Section 36: Provisions supplementary to sections 34 and 35

Supplementary provisions for the effective operation of these powers of direction are contained in section 36. The beneficiaries may act separately or with other trustees in directing the appointment or retirement of a trustee. The direction may take the form of a single, joint direction by all the beneficiaries. Alternatively, subject to section 36(2), a direction may be given by each beneficiary individually or jointly with some of the others. A direction may be withdrawn by writing up until the time it has been complied with, but if any beneficiary withdraws, then the necessary unanimity is lost and the direction falls. If there is more than one direction, then they must all specify the same person or persons for appointment or retirement (section 36(2)).

It is provided in section 36(3) that subsection (7) of section 35 of the Trustee Act (Northern Ireland) 1958 applies to a trustee appointed under these powers as if he were appointed under that section. The effect of subsection (7) is that newly-appointed trustees are to have the same powers, authorities and discretions and may act in all respects as if they had been originally appointed by the instrument creating the trust. Similarly, trustees appointed under these new provisions are to be treated in the same way.

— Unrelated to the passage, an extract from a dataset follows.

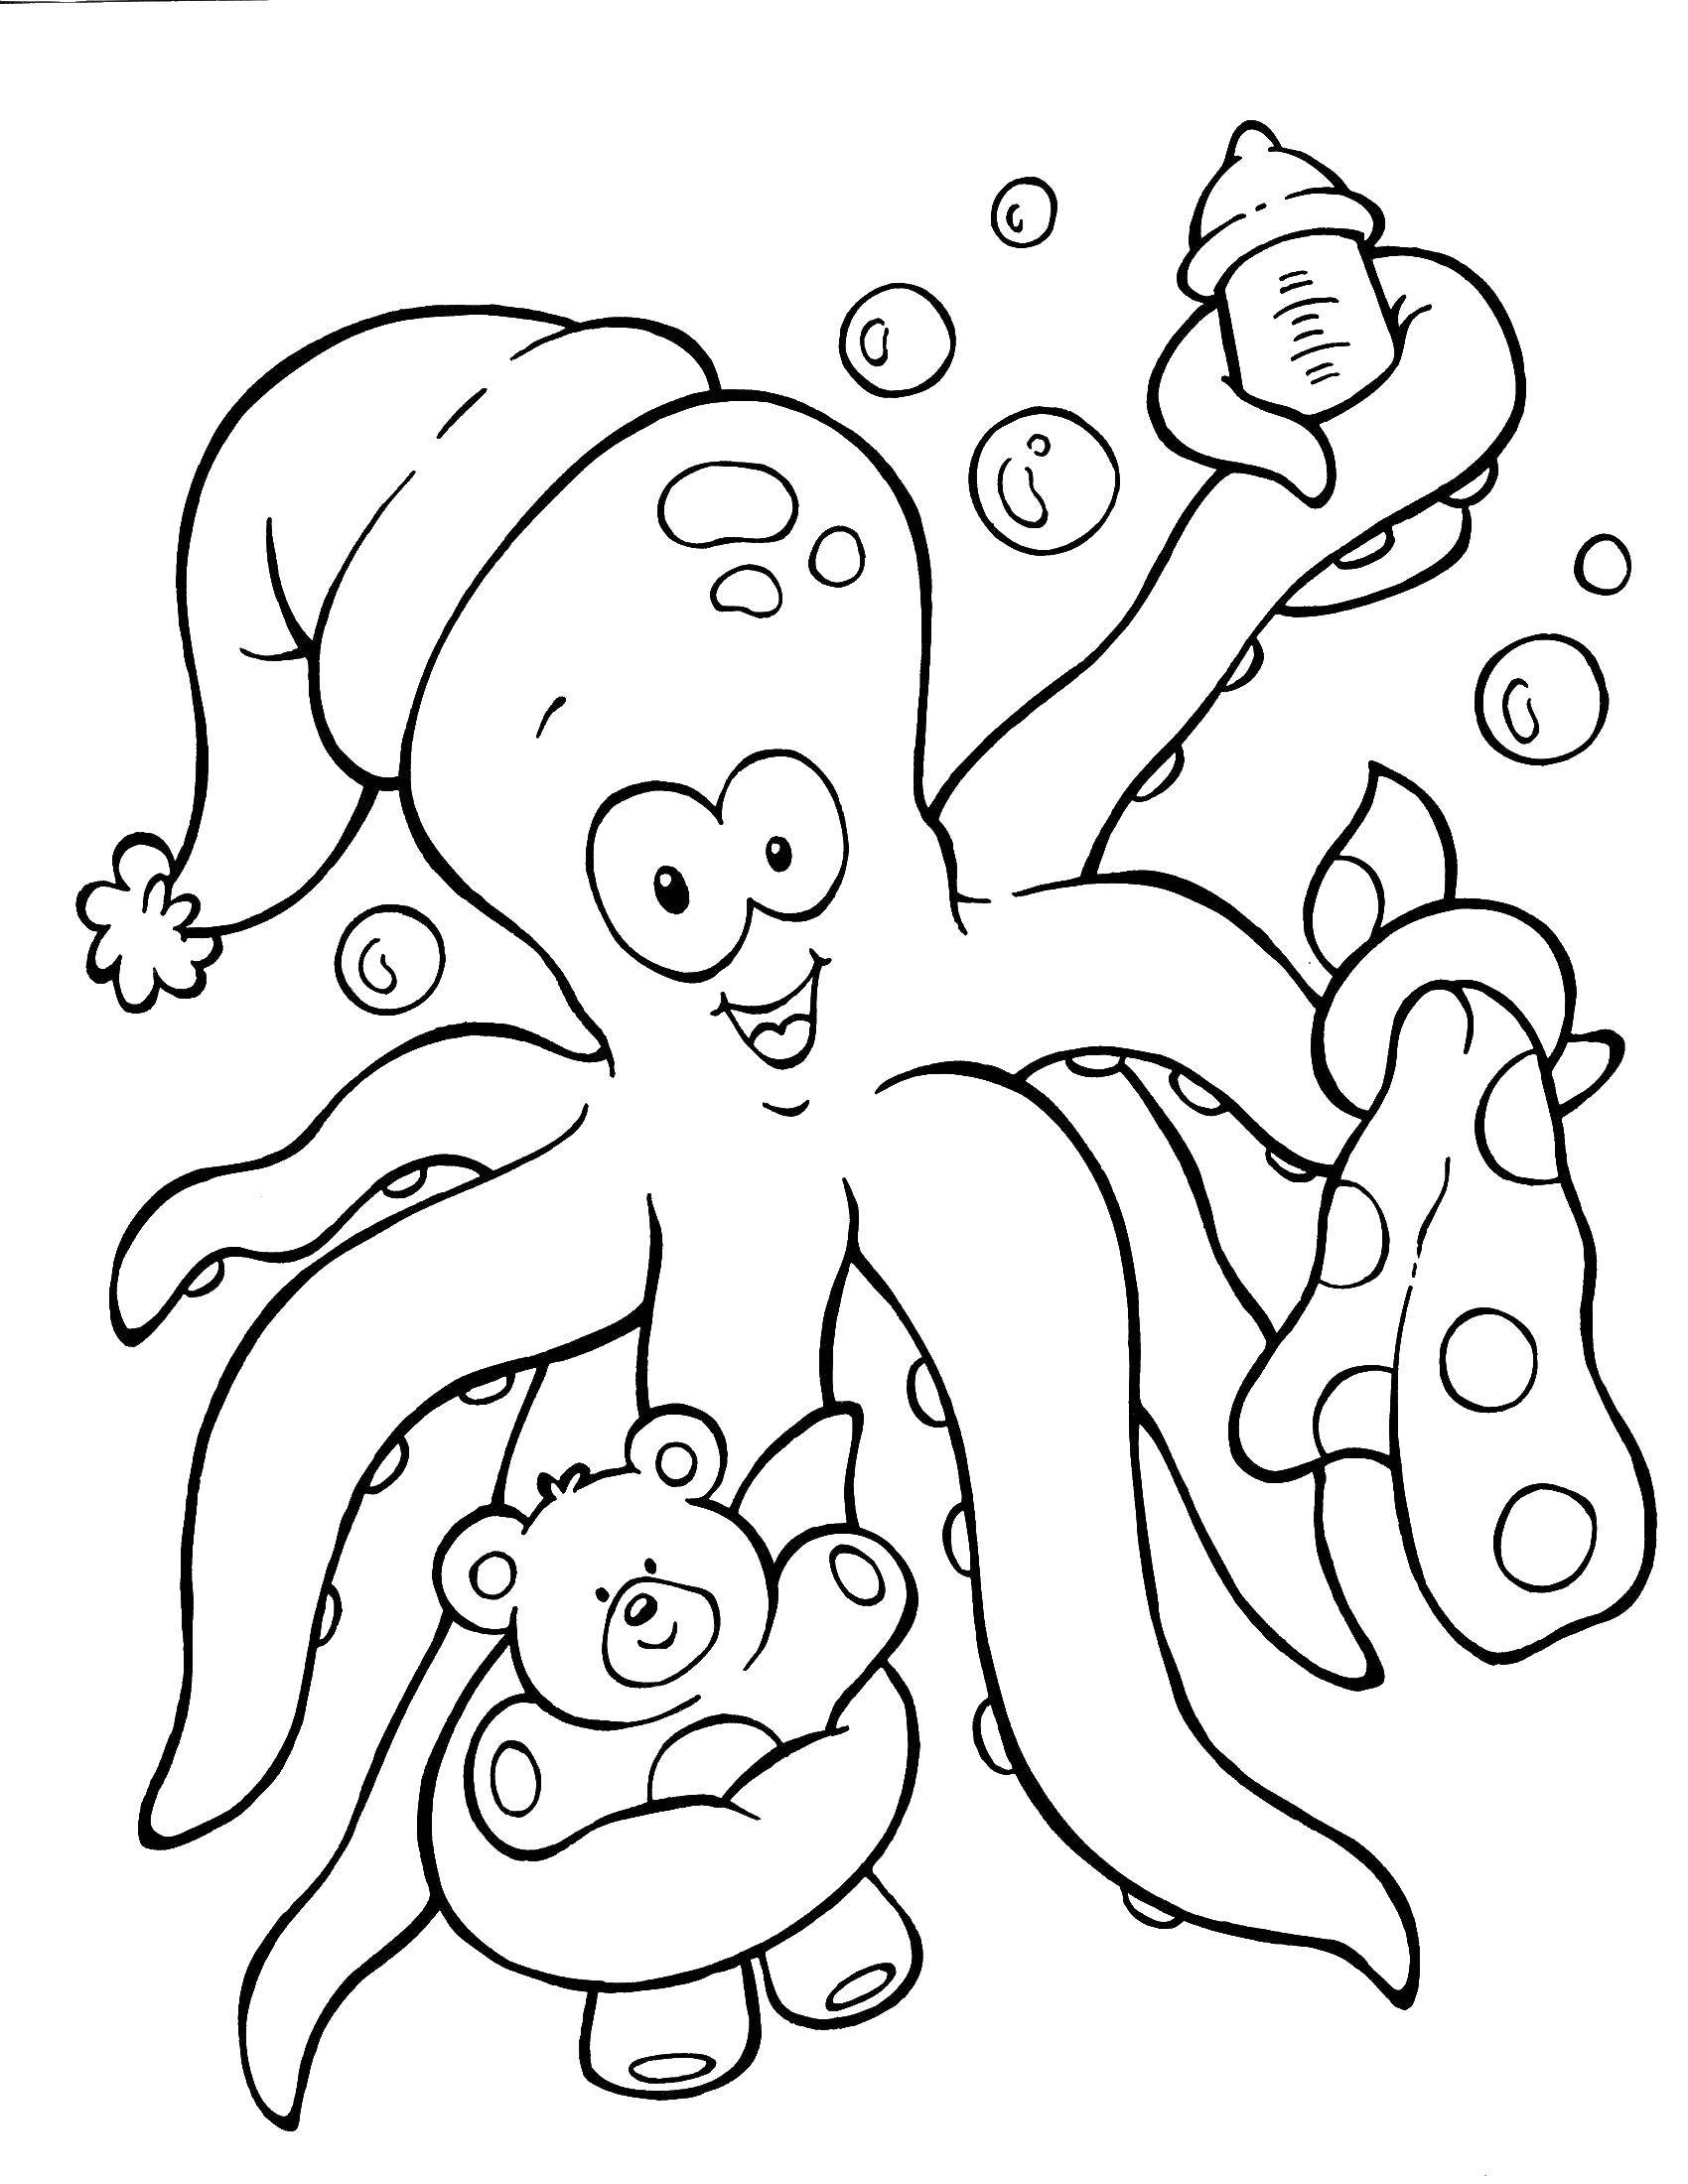 Coloring Octopus with a bear. Category marine. Tags:  Octopus, sea.

As far as applicability of the new powers is concerned, they apply to existing trusts as well as trusts to be set up in the future, unless they are excluded by expression of contrary intention. To further that policy, there is an opportunity given by section 36(5) for persons who have already created trusts to exclude the new powers of direction by executing a deed to that effect. Where the trust was created by one person and he is of full capacity, he may execute the necessary deed himself. In a case where the trust was created by a number of persons, then those still alive and of full capacity may execute the requisite deed to exclude the new powers of direction. A deed executed for the purpose of excluding the new powers is irrevocable. The deed does not affect anything done before its execution to comply with a direction given by beneficiaries, but if a direction has not yet been complied with, then it shall cease to have effect once the deed is executed. The result is that a settlor may stop or prevent a direction becoming effective but may not affect an appointment or retirement which has already become effective.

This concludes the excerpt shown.